I would definitely take the size of the guitar into account. As a healthy, average sized male of 5'10, I won't play a dreadnaught. The Yamaha would probably be good due to its smaller size or maybe even one of the parlor guitars: Roadhouse


----------



## Jblue (Apr 13, 2017)

Thanks for that. I was looking at an art & lutherie ami spruce top, good deal too at $200 with a fitted case. But I started thinking the sound will be much smaller and potentially less gratifying to someone who will be learning to strum chords for old Neil Young songs... the Yamaha really is a perfect size; comfortable and still sounds full. But that one I’ll have to buy new, case and tuner too, which would be double the price of the Ami. What do you think?


----------



## 1SweetRide (Oct 25, 2016)

What about a Godin semi hollow like the A6 Ultra? Super light, great acoustic sound and can be plugged into a small amp for when he moves into Van Halen riffs


----------



## dcole (Oct 8, 2008)

Jblue said:


> Thanks for that. I was looking at an art & lutherie ami spruce top, good deal too at $200 with a fitted case. But I started thinking the sound will be much smaller and potentially less gratifying to someone who will be learning to strum chords for old Neil Young songs... the Yamaha really is a perfect size; comfortable and still sounds full. But that one I’ll have to buy new, case and tuner too, which would be double the price of the Ami. What do you think?

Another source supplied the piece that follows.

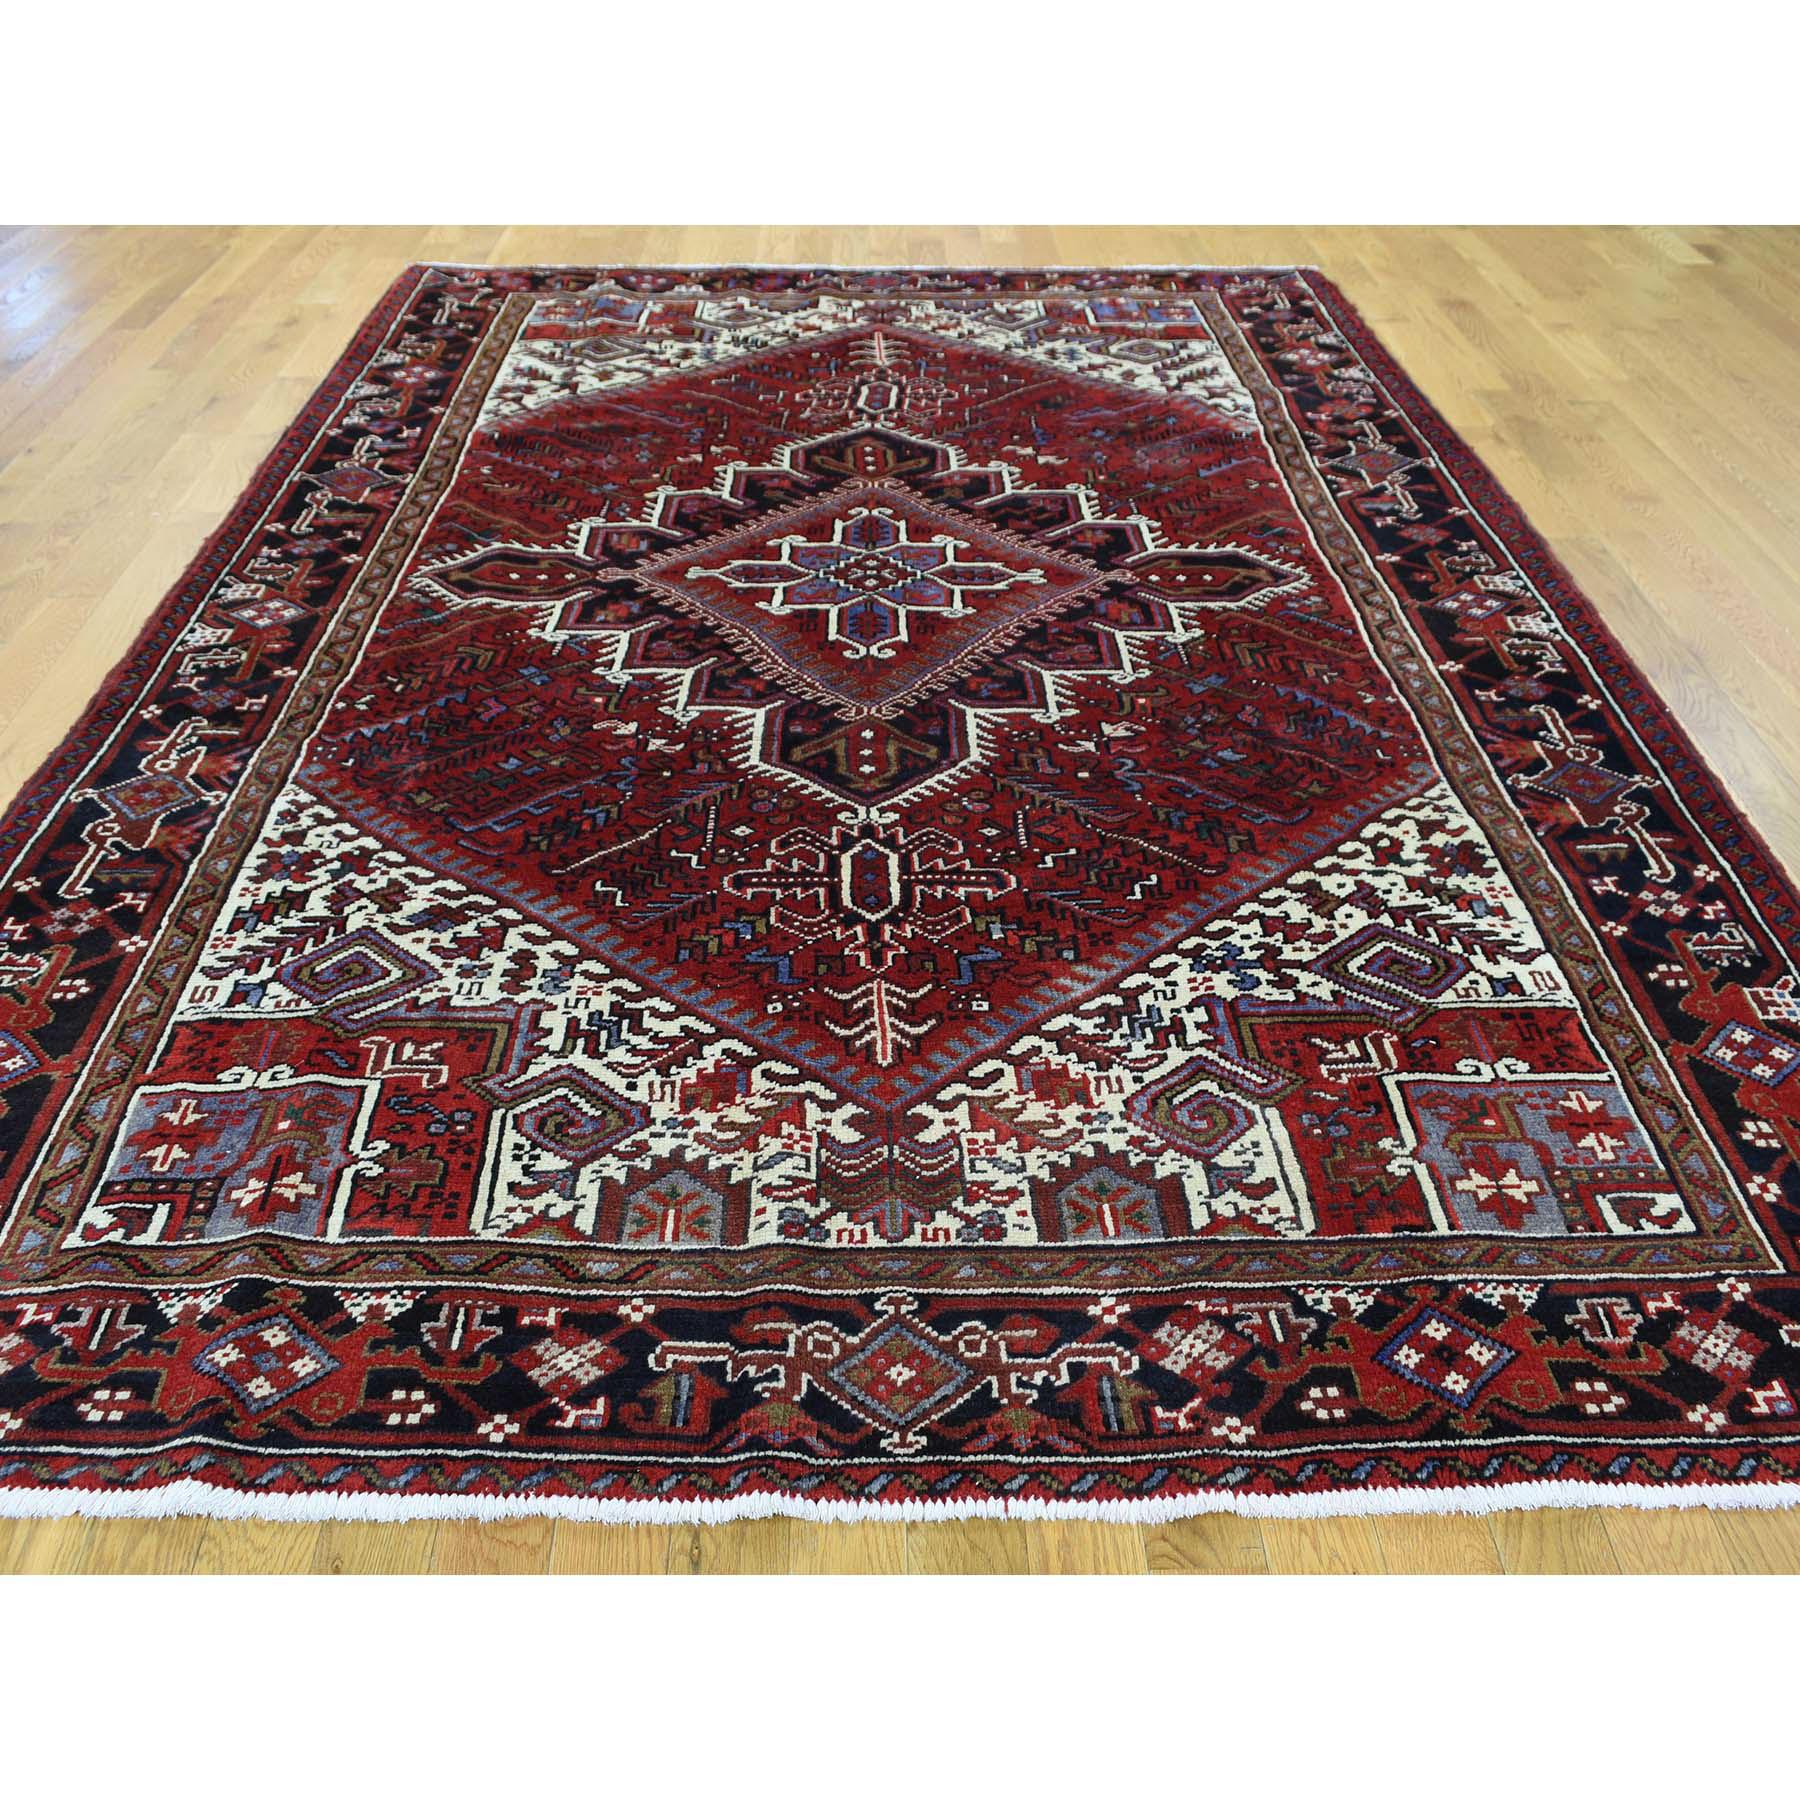 This is a truly genuine one-of-a-kind full pile semi antique Persian Heriz excellent condition rug. It was made in the centuries-old Persian weaving craftsmanship techniques by expert artisans. Measures: 6'7

I found when playing my parlor that I didn't miss the lack of low end. This is usually when I am playing by myself. Once the noise level starts increasing in the environment I am playing in, then the bass disappears and I find it lacking.


----------



## Jblue (Apr 13, 2017)

What would you get between the Ami and the FS800? For an all arounder I’m leaning towards the Yamaha.


----------



## VanillaTrice (Feb 24, 2016)

I've got a GD30 and love it to death. It's the only acoustic I own. I had a Yamaha previous to the Tak and upgraded to this. I probably A/B demo'd 50 guitars before settling on the Tak - I just found I couldn't beat it for the money sonically (although everyone is different). That being said, the only store that I tried out guitars in that carried both Tak and Yamahas was out of stock on any comparable Yammys, which is unfortunate as they definitely make a great instrument.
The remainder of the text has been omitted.